Anthropology, Department of

 

Document Type

Article

Date of this Version

1985

Comments

Published in MALE-FEMALE DIFFERENCES: A BIO-CULTURAL PERSPECTIVE, Edited by Roberta L. Hall (New York, et al.: Praeger, 1985), pp. 5-25. Copyright (c) 1985 Praeger Publishers.

Abstract

The literature on the socialization of human sex differences is likely to remind many students of the parable about the blind men who were grouped around an elephant, each trying to describe to the others what the elephant was like. Several traditions of research in the social sciences have been involved in the study of why the sexes are different. One that emphasizes deliberate sex role training of children owes most of its insights to learning theory and developmental psychology. It regards sex role socialization as the result of interplay between the environmental experience and the child's active learning and imitation. Researchers see the child as one who learns what is being taught and who forms certain evaluations of what is correct or expedient on the basis of experience (Mussen 1973; Maccoby and Jacklin 1974). Unlike the prepared learning tradition, which will be discussed below, systematic consideration is not given to the possibility that girls and boys, because of biological sex, will respond differently to the tasks of socialization.

The prepared learning tradition takes as a beginning assumption that girls and boys are born with inherent predispositions to behave in distinctive ways. This tradition accepts the role of learning as necessary for development but assumes that with respect to certain classes of stimuli girls and boys will respond differently. A person who takes this view of sex role socialization will be equally interested in "what children are taught" and "what children choose to learn."

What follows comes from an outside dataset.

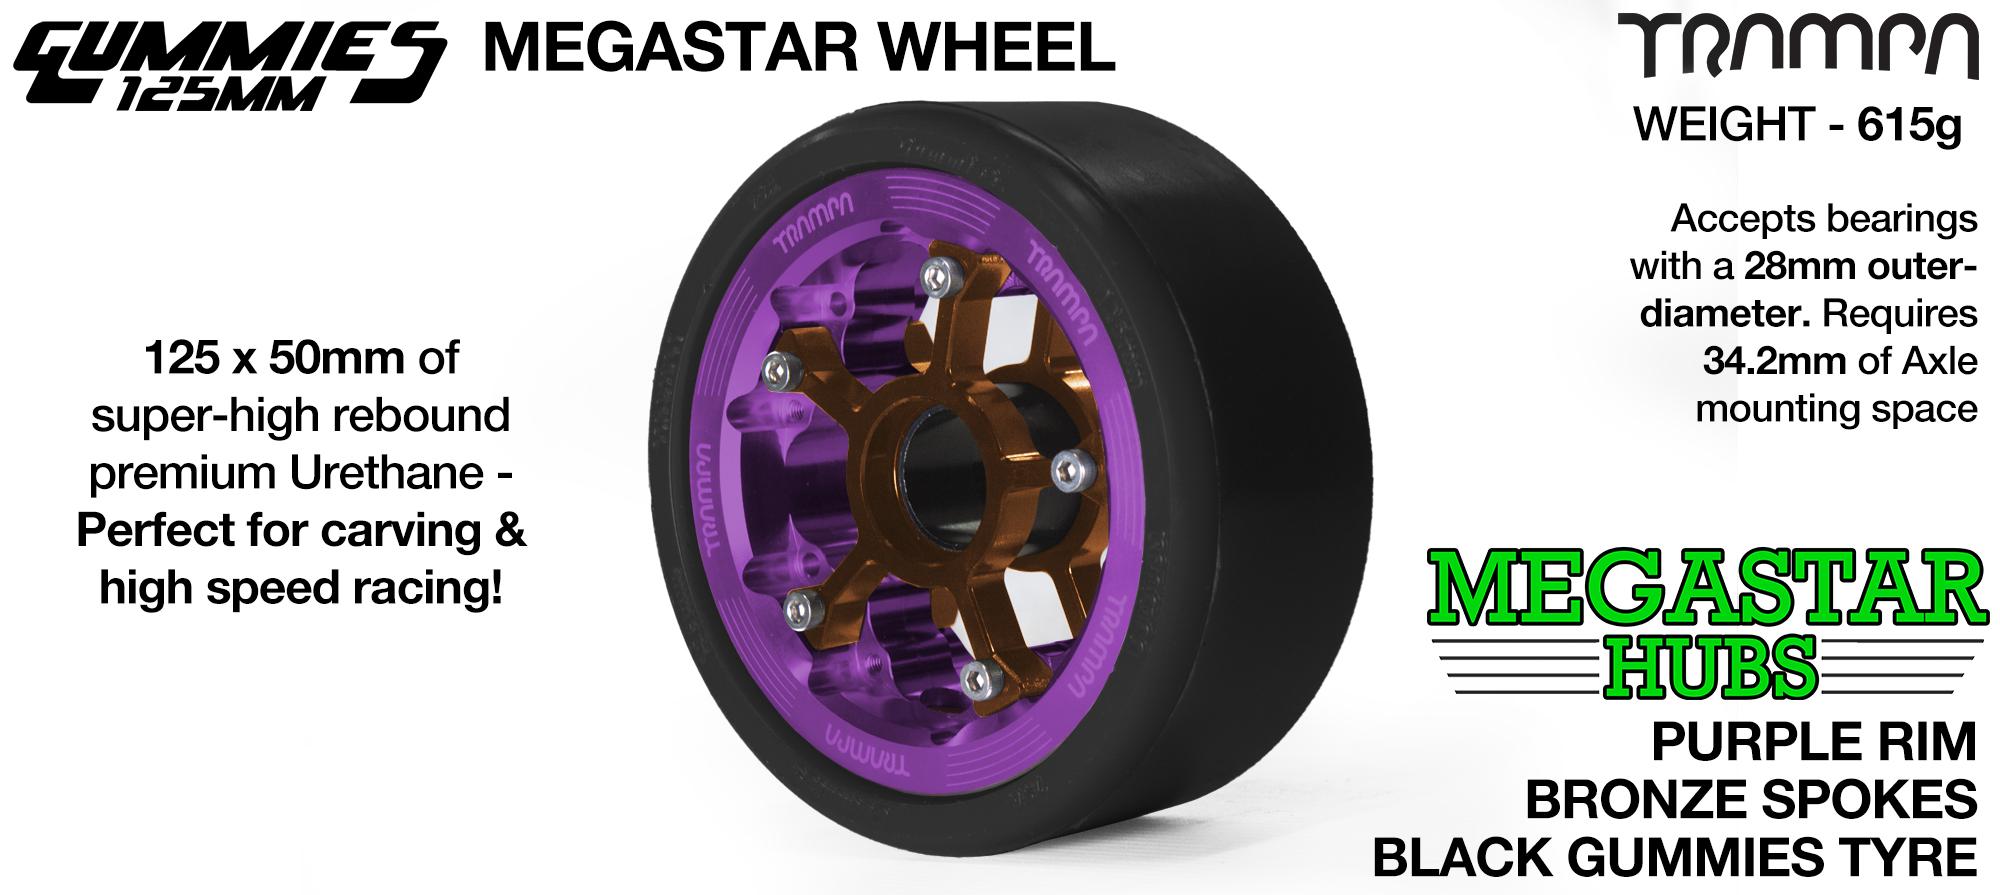 PURPLE MEGASTAR Rim with BRONZE Spokes & BLACK Gummies - The Ulrimate Longboard Wheel

This chapter introduces the reader to findings from these two contrasting approaches and considers the value as well as the limits of each. The discussion will take up a few studies that are good examples of each tradition, but will not attempt a comprehensive review. General features will be presented along with an examination of the differing insights that come from the two approaches. Finally, necessary further information and research will be discussed.